Let's break down the implementation and explain each part:
import jax.numpy as jnp
from jax import grad
from sklearn.base import BaseEstimator, ClassifierMixin
from sklearn.utils.validation import check_X_y
class LogisticClassifier(BaseEstimator, ClassifierMixin):
def __init__(self, lr=0.01, epochs=1000, lmbd=0.01, tolerance=1e-5):
self.param = None # weights
self.bias = None # bias
self.lr = lr # learning rate
self.epochs = epochs # number of epochs
self.losses = [] # list of losses
self.lmbd = lmbd # regularization parameter
self.tolerance = tolerance # convergence tolerance
def get_params(self, deep=True):
return {'lr': self.lr, 'epochs': self.epochs, 'lmbd': self.lmbd}
def set_params(self, **params):
if 'lr' in params:
self.lr = params['lr']
if 'epochs' in params:
self.epochs = params['epochs']
if 'lmbd' in params:
self.lmbd = params['lmbd']
return self
The `get_params` and `set_params` methods are required for compatibility with scikit-learn's model selection tools. They allow hyperparameter tuning using techniques like `GridSearchCV`.
def sigmoid(self, X):
return 1 / (1 + jnp.exp(-X))
def _loss(self, param, bias, X, y):
# same as before
def fit(self, X, y):
# same as before
def predict(self, X):
X = jnp.array(X)
return self.sigmoid(X @ self.param + self.bias) >= 0.5
Using the Custom Estimator
Now that we have implemented our custom logistic regression estimator, we can use it just like any other scikit-learn estimator. Here's an example using the Titanic dataset:
import pandas as pd
from sklearn.model_selection import train_test_split
from sklearn.metrics import classification_report
df = pd.read_csv('/kaggle/input/titanic/train.csv')

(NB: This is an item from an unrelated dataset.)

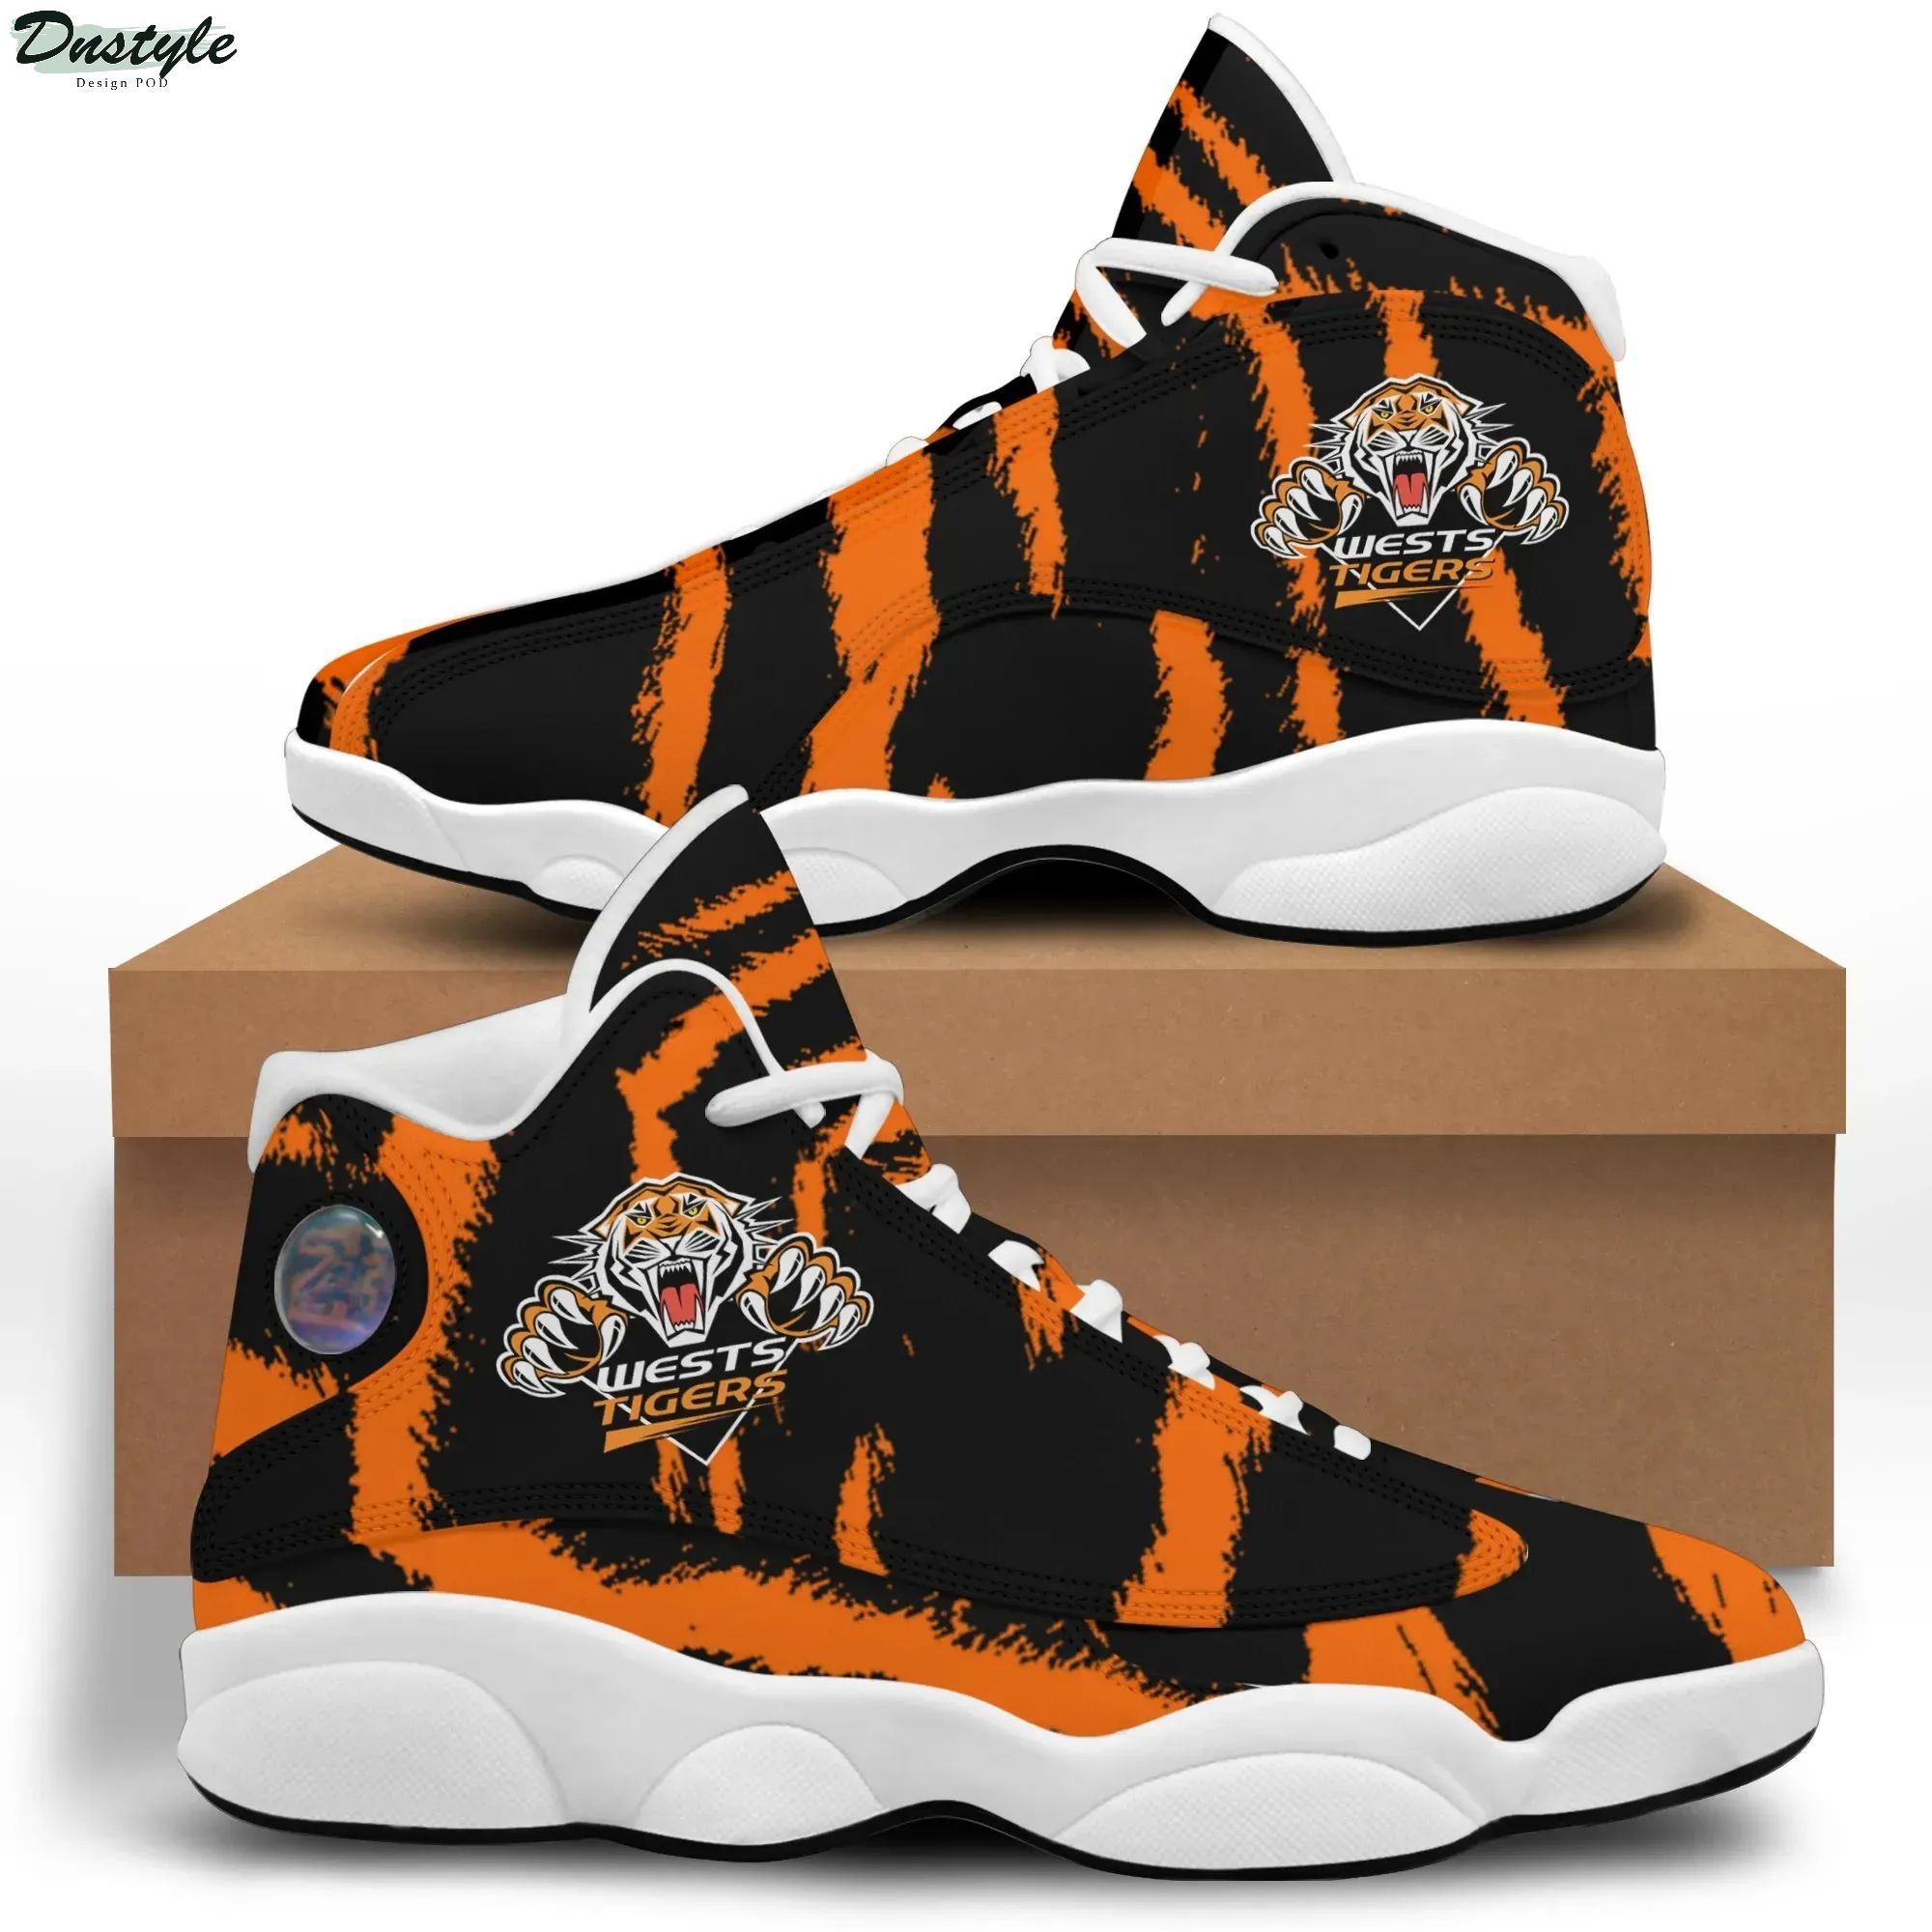 NRL Wests Tigers Air Jordan 13 Sneakers

X = df.drop(columns=['Survived', 'PassengerId'])
y = df['Survived']
X_train, X_test, y_train, y_test = train_test_split(X, y, test_size=0.1, random_state=42)
# Transforming features
X_train = pipeline.fit_transform(X_train, y_train)
param_grid = {
'lr': [5e-3, 5e-2, 5e-1],
'epochs': [300, 400, 500]
}
model = LogisticClassifier()
grid_search = GridSearchCV(model, param_grid, cv=5, scoring='accuracy', error_score='raise', n_jobs=-1)

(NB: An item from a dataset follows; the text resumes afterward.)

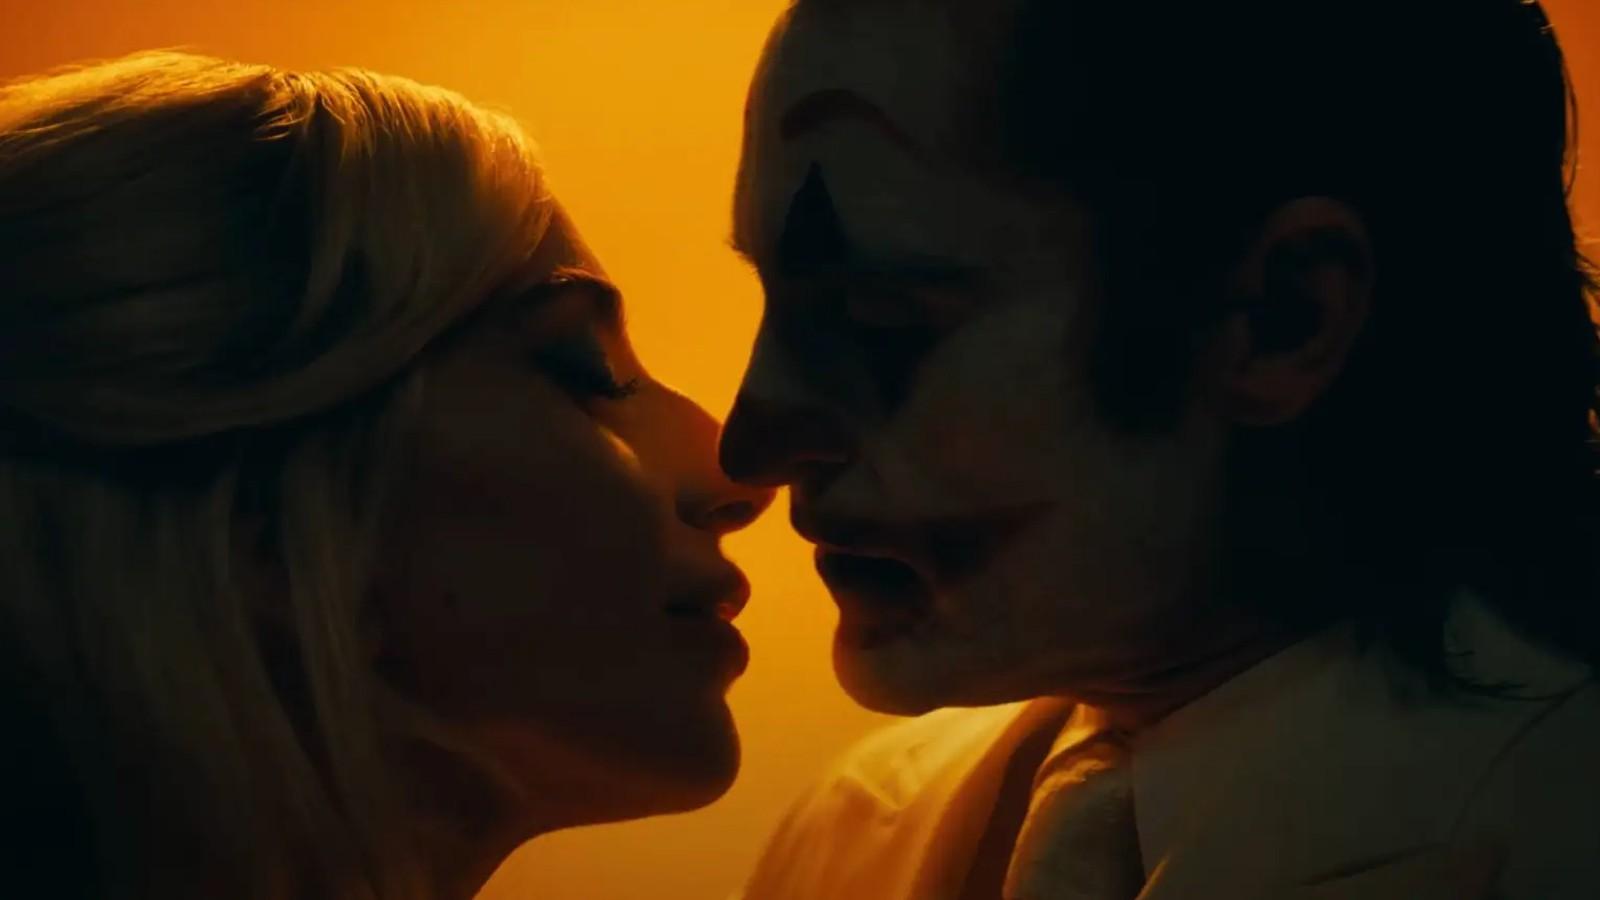 Harley Quinn and Joker sharing a kiss in Folie à Deux.

grid_search.fit(X_train, y_train)
print(grid_search.best_params_)
# Print the classification report
print(classification_report(y_test, y_pred))

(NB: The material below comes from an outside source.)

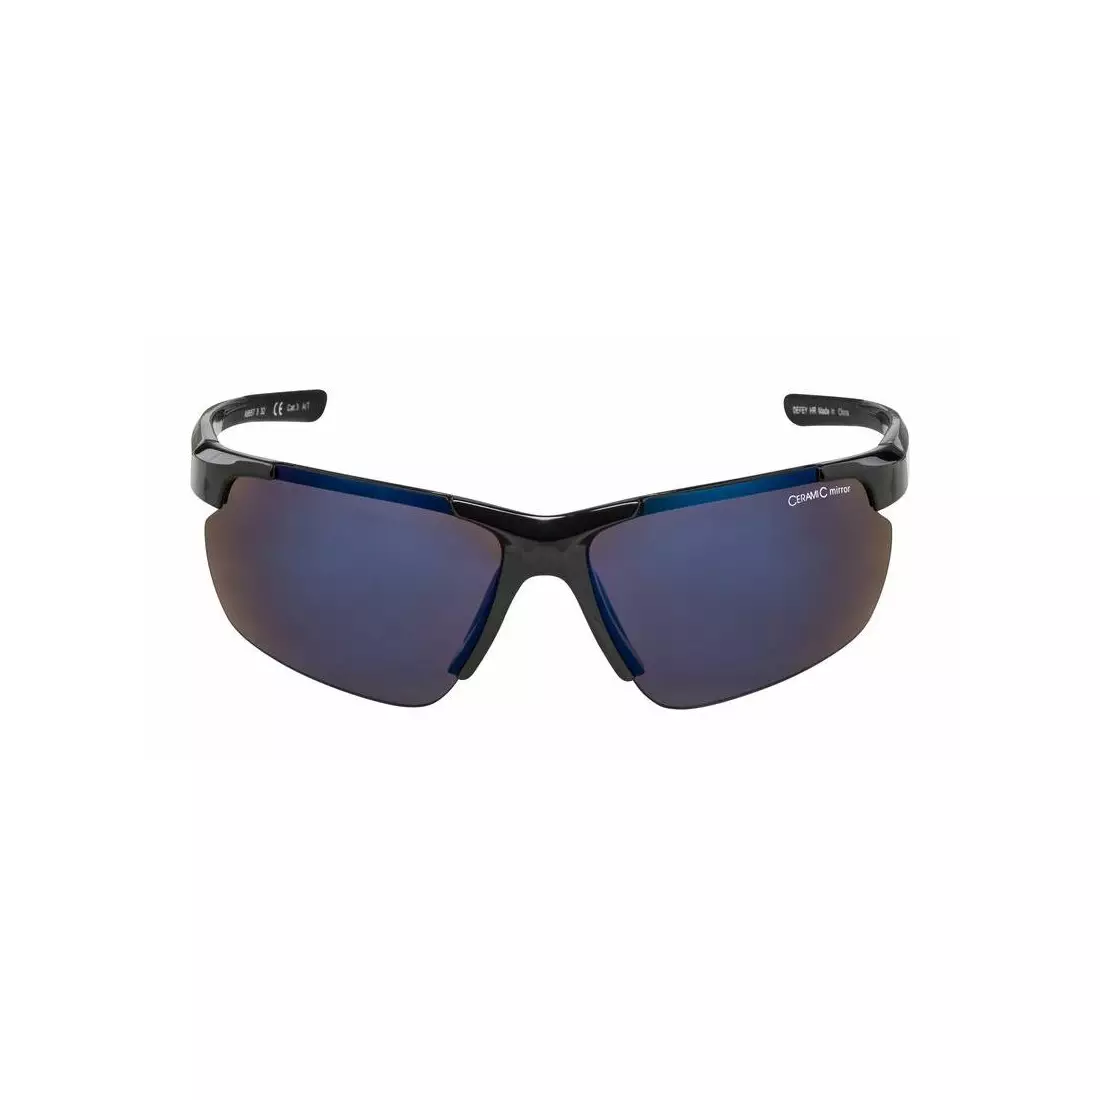 ALPINA Sportbrille DEFFY HR BLUE MIRROR S3 black A8657332

This custom implementation achieves comparable performance to scikit-learn's built-in logistic regression:
precision recall f1-score support
0 0.88 0.78 0.82 54
1 0.71 0.83 0.77 36
accuracy 0.80 90
macro avg 0.79 0.81 0.80 90
weighted avg 0.81 0.80 0.80 90
Conclusion
In this blog post, we've explored how to create a custom logistic regression estimator using scikit-learn's base classes and JAX for optimization. This approach allows us to leverage the power of automatic differentiation and JIT compilation while still benefiting from scikit-learn's ecosystem of tools for model selection, evaluation, and preprocessing.
Custom estimators open up a world of possibilities for implementing novel algorithms, optimizing performance, and experimenting with different techniques. By following the scikit-learn API, we ensure that our custom estimators can seamlessly integrate with existing workflows and take advantage of the rich ecosystem of tools and utilities that scikit-learn provides.
Whether you're implementing a cutting-edge algorithm or fine-tuning an existing one for your specific use case, custom estimators in scikit-learn provide the flexibility and power you need to push the boundaries of your machine learning projects.